Giving was what they did Saturday, Feb. 21, when 10 of them spent four hours doing landscape work for two elderly men who were no longer able to keep their Bellingham lawn neat.
The idea is to involve soldiers in larger efforts, to provide structure, to let them once more feel like they're working side by side in a shared cause, to let veterans help veterans.
"We're giving back, and I think we're taking some of that for ourselves. Not in a selfish way," Powell said, "but it's giving us something, giving us a mission again."
Pereira hopes such efforts bring people together.

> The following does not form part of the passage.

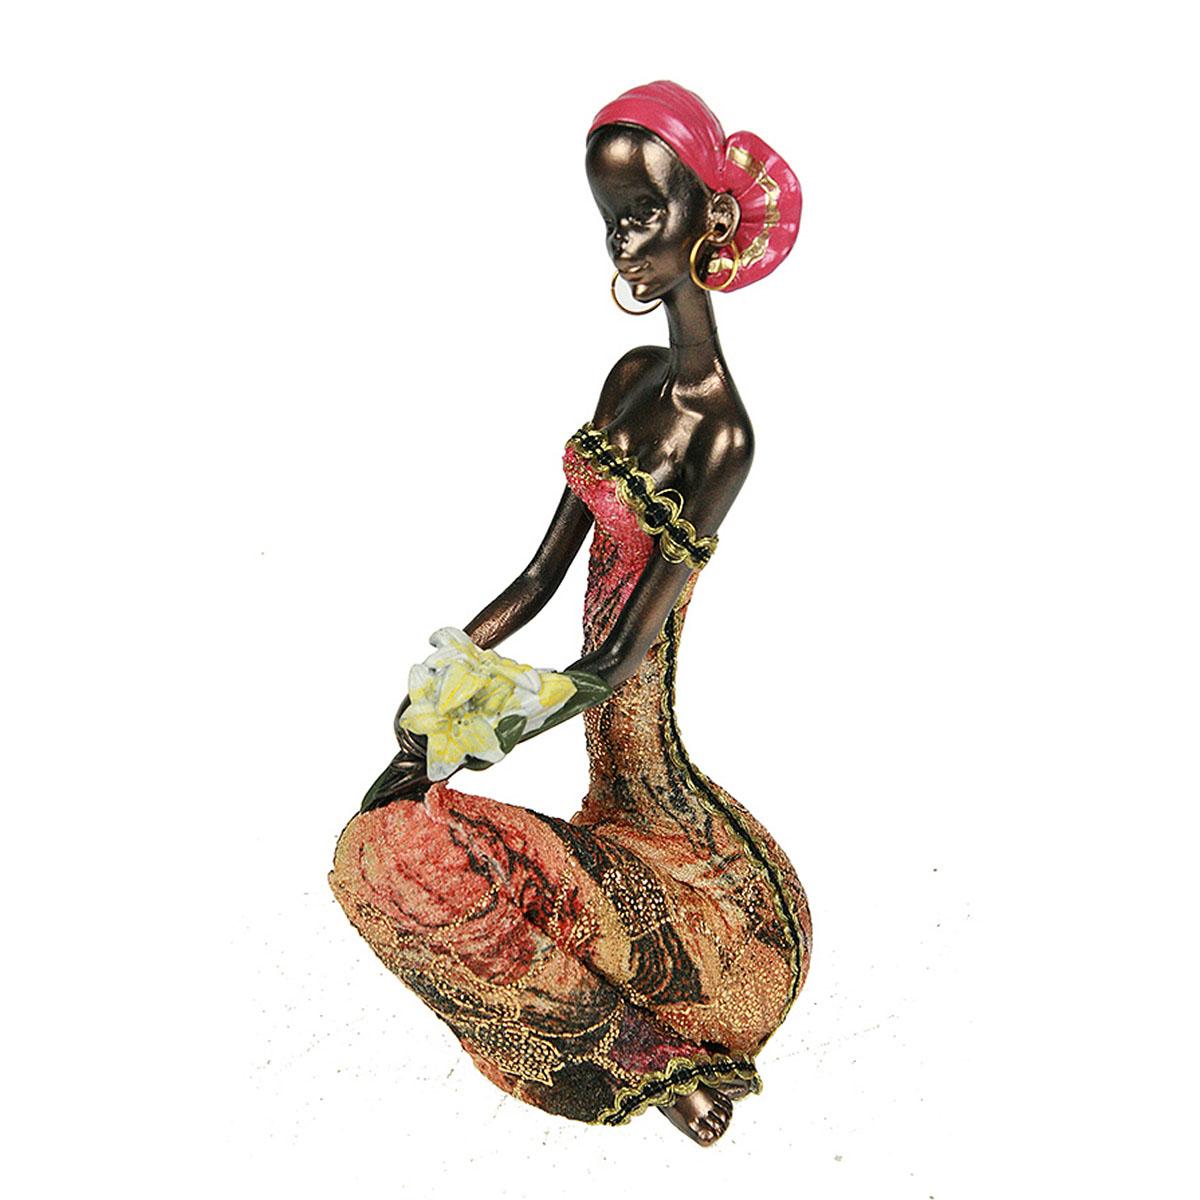 Статуэтка Русские Подарки Африканка, 7 х 9 х 18 см20610Статуэтка Русские Подарки Африканка, изготовленная из полистоуна, имеет изысканный внешний вид. Изделие станет прекрасным украшением интерьера гостиной, офиса или дома. Вы можете поставить статуэтку в любое место, где она будет удачно смотреться и радовать глаз. Правила ухода: регулярно вытирать пыль сухой, мягкой тканью.
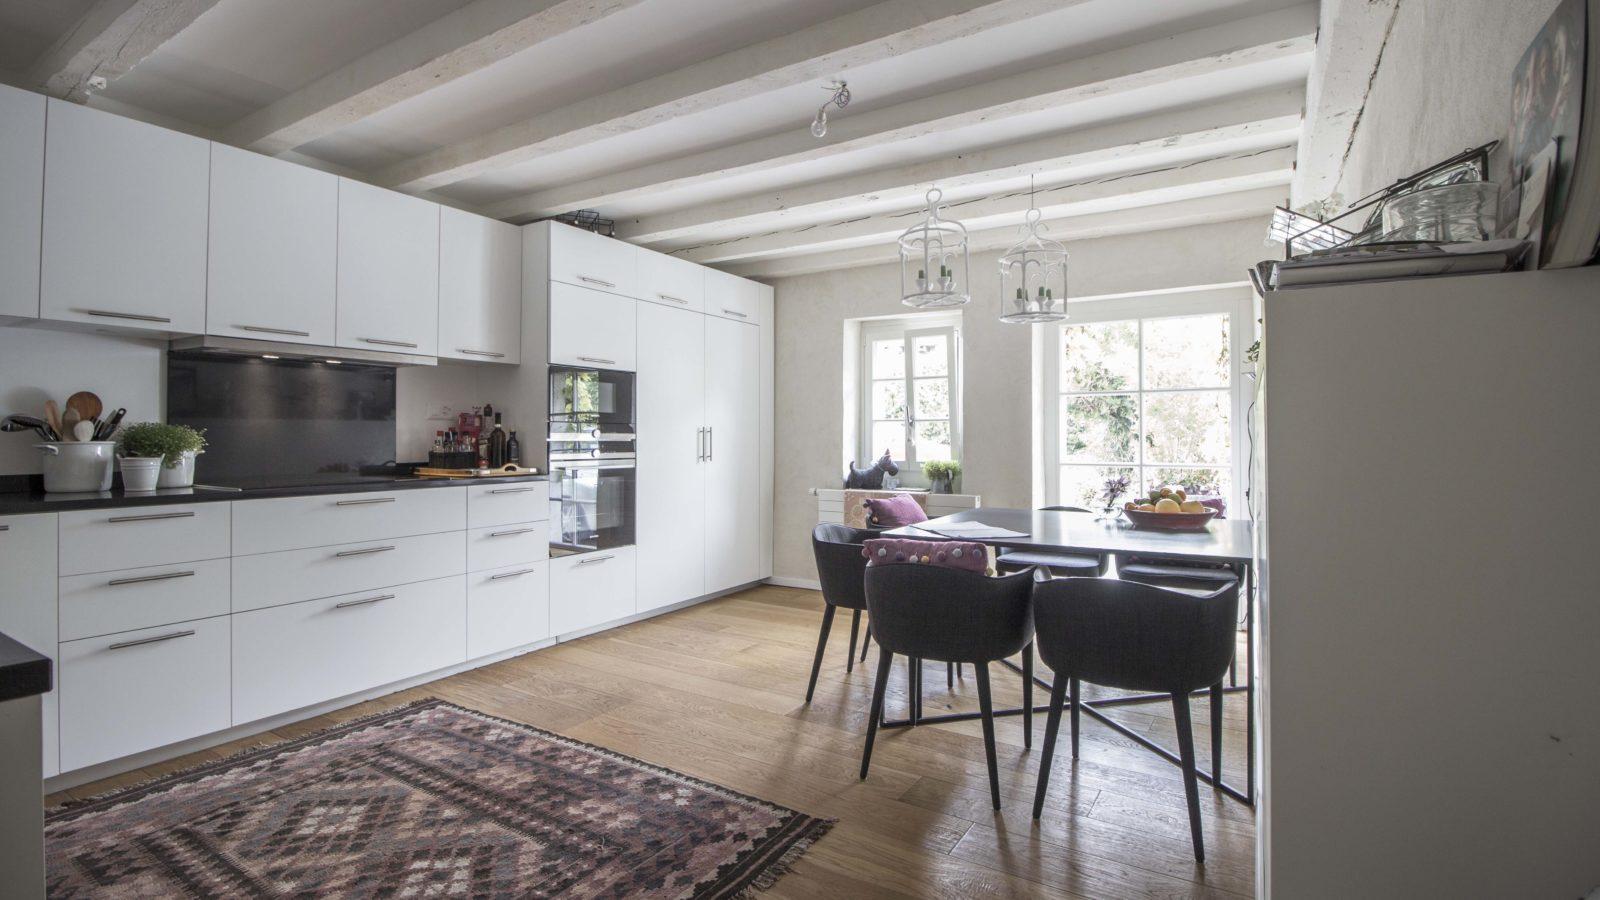 CSDK-Architectes-Renovation-Villagehouse-4

"We're trying to break down the barrier between soldiers and civilians. We're trying to tear down stereotypes between the two," he said.
Their help is needed.
"I appreciate their time and just how great they are. They really want to make a difference," said Aly Hoover, director of the Whatcom Volunteer Chore Program.
The veterans did their two community service projects for the Chore Program, which helps the elderly and the disabled stay in their homes by assisting with cleaning, yard work, minor repairs, errands and transportation.
Hoover said she especially appreciated their efforts because as veterans, they've already given so much of themselves.
"We're blessed to have them," she said.
Pereira knows how important it is for veterans to be engaged and to once again feel like they're part of something.
He struggled with such issues when he came home in 2007, after his military service and a year as a private contractor in Iraq.
"As combat veterans, we have left one battlefield for another," he said.
During his struggle to understand what was happening, Pereira said he cut himself off from other people who cared about him. He isolated himself into his living. He couldn't bear to sleep in his bed. A scene from a movie he saw in a theater trigged a panic attack.
"I walked out a different person," he recalled.
But with the help of the late Tim Nelson, a U.S. Marine Corps veteran who served three tours in Iraq, Pereira started to find his way again.
"He got me active. He got me engaged," Pereira said of Nelson, who had been president of the Bellingham chapter of Veterans of Modern Warfare.
Now, Pereira is trying to do the same for other veterans.